_Exercise objective_
Once you find the line with "It not only" in the listing below, set down exactly every line from it through the line with "Blank white envelope", but no pictures.
Supplied records START
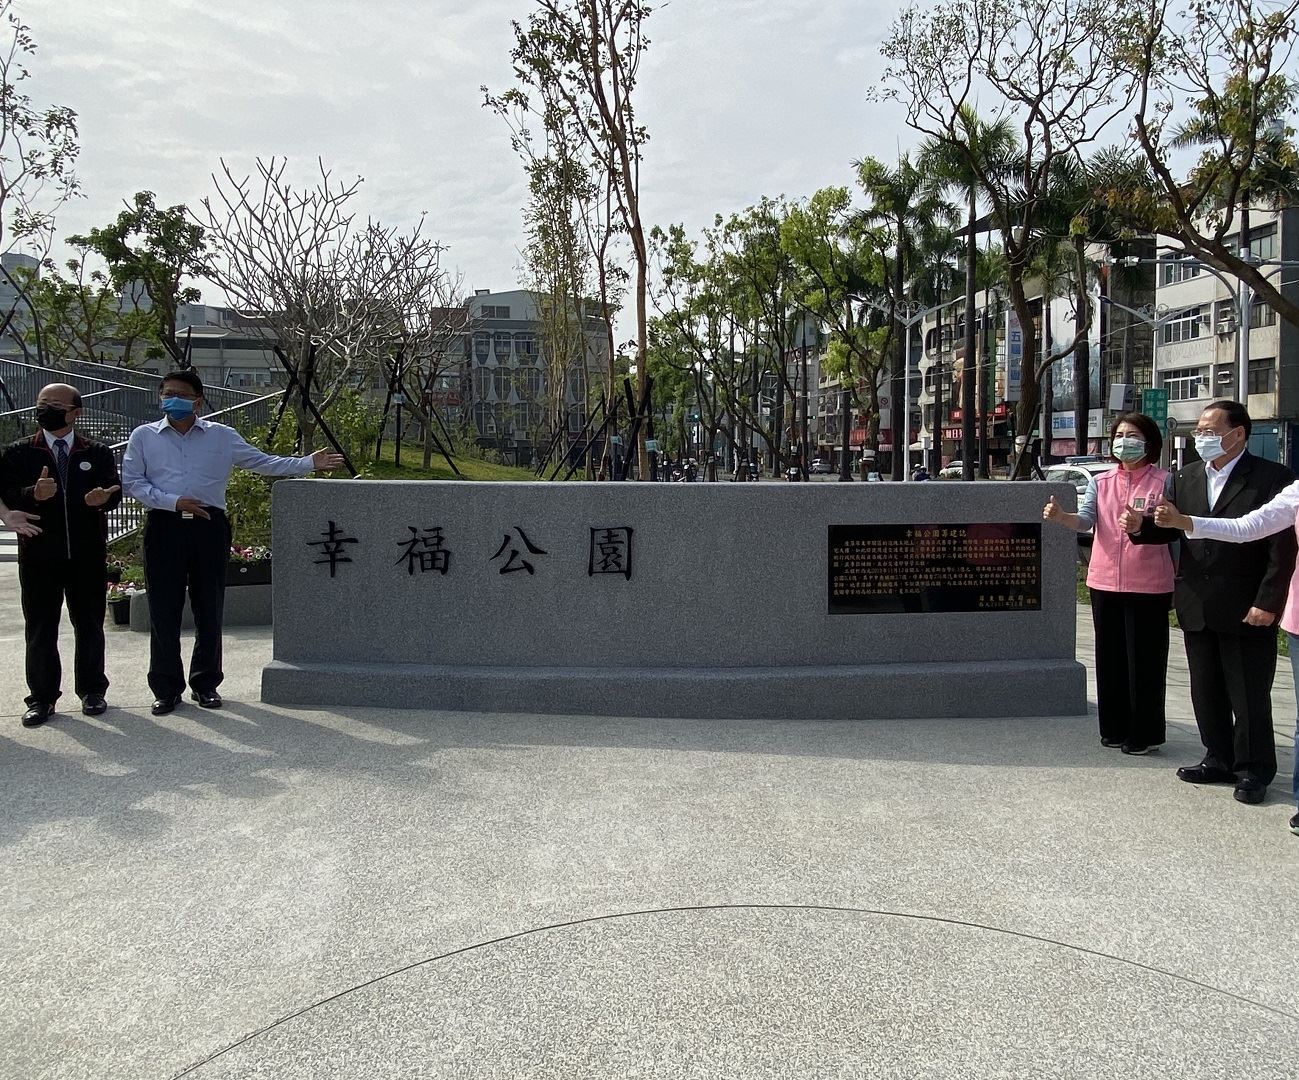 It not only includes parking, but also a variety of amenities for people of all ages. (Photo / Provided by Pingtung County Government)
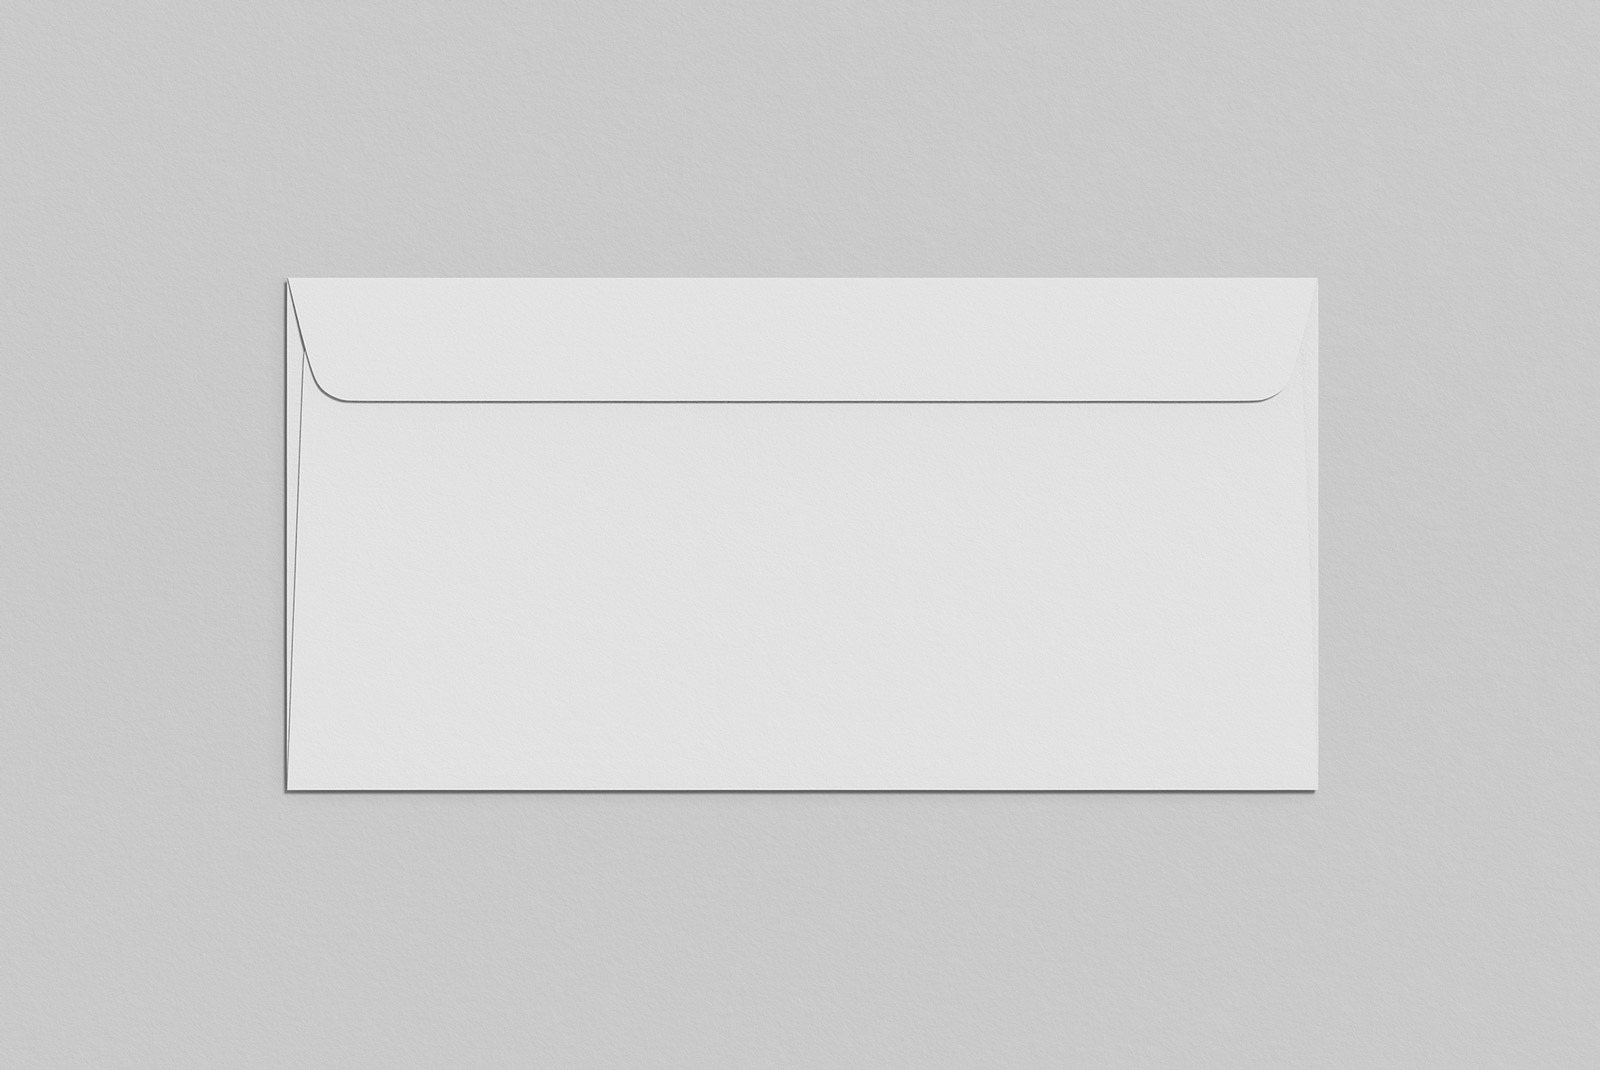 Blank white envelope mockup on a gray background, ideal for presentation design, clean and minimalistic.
Supplied records END
Supplied records START
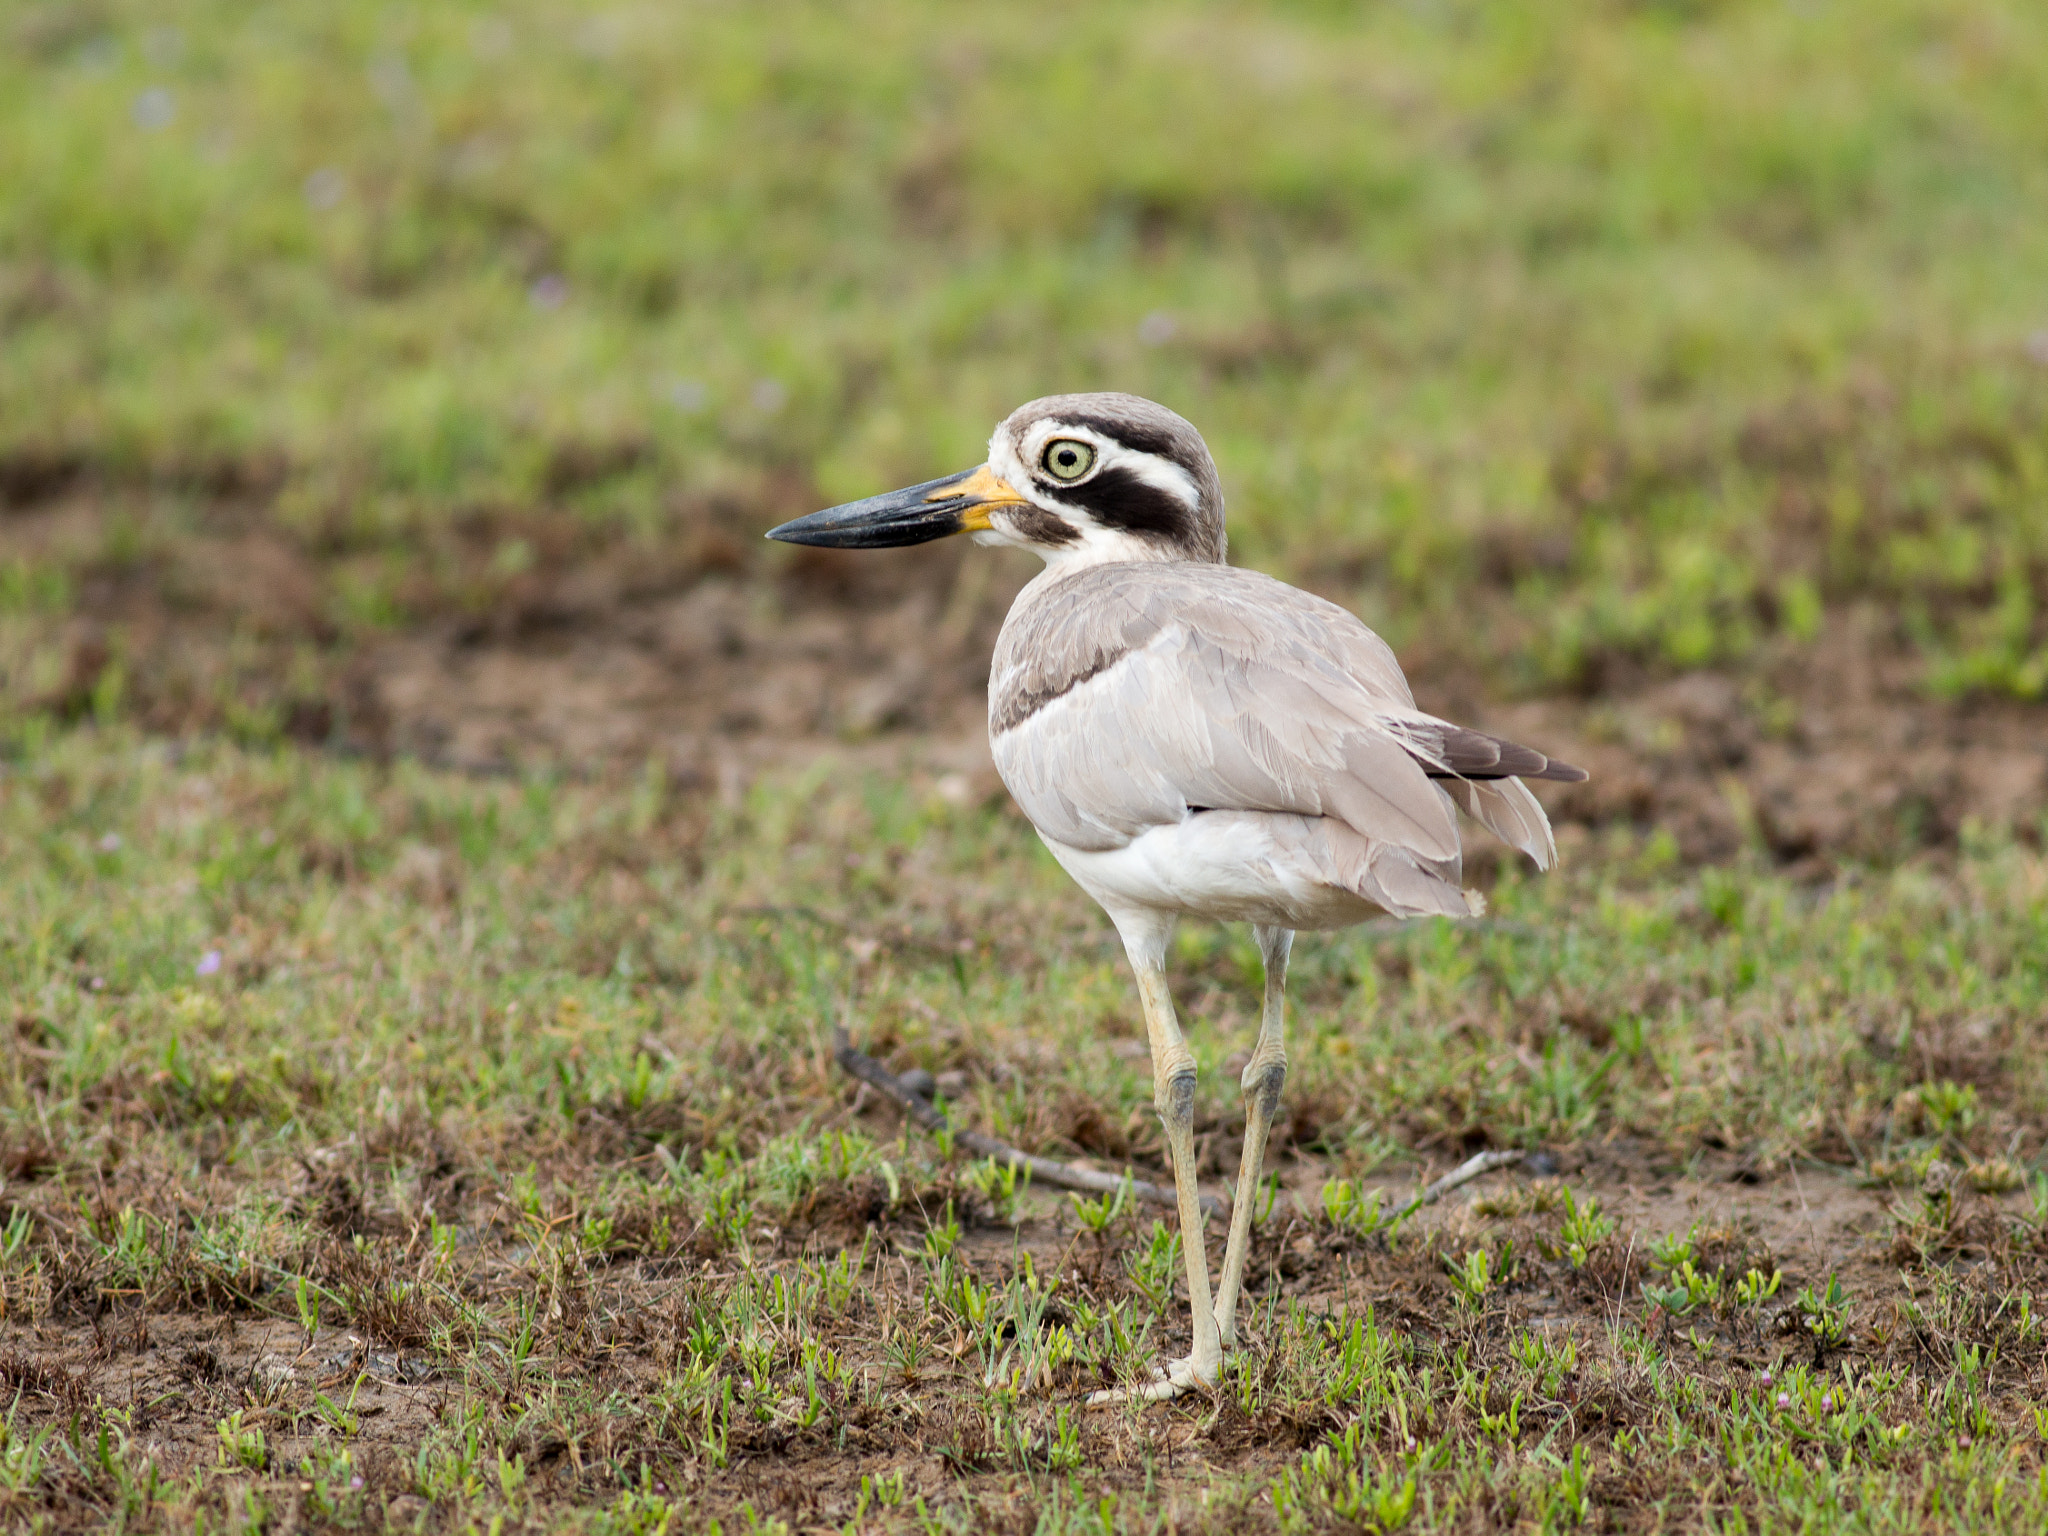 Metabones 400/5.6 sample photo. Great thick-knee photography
Supplied records END
_Response area_
 It not only includes parking, but also a variety of amenities for people of all ages. (Photo / Provided by Pingtung County Government)
 Blank white envelope mockup on a gray background, ideal for presentation design, clean and minimalistic.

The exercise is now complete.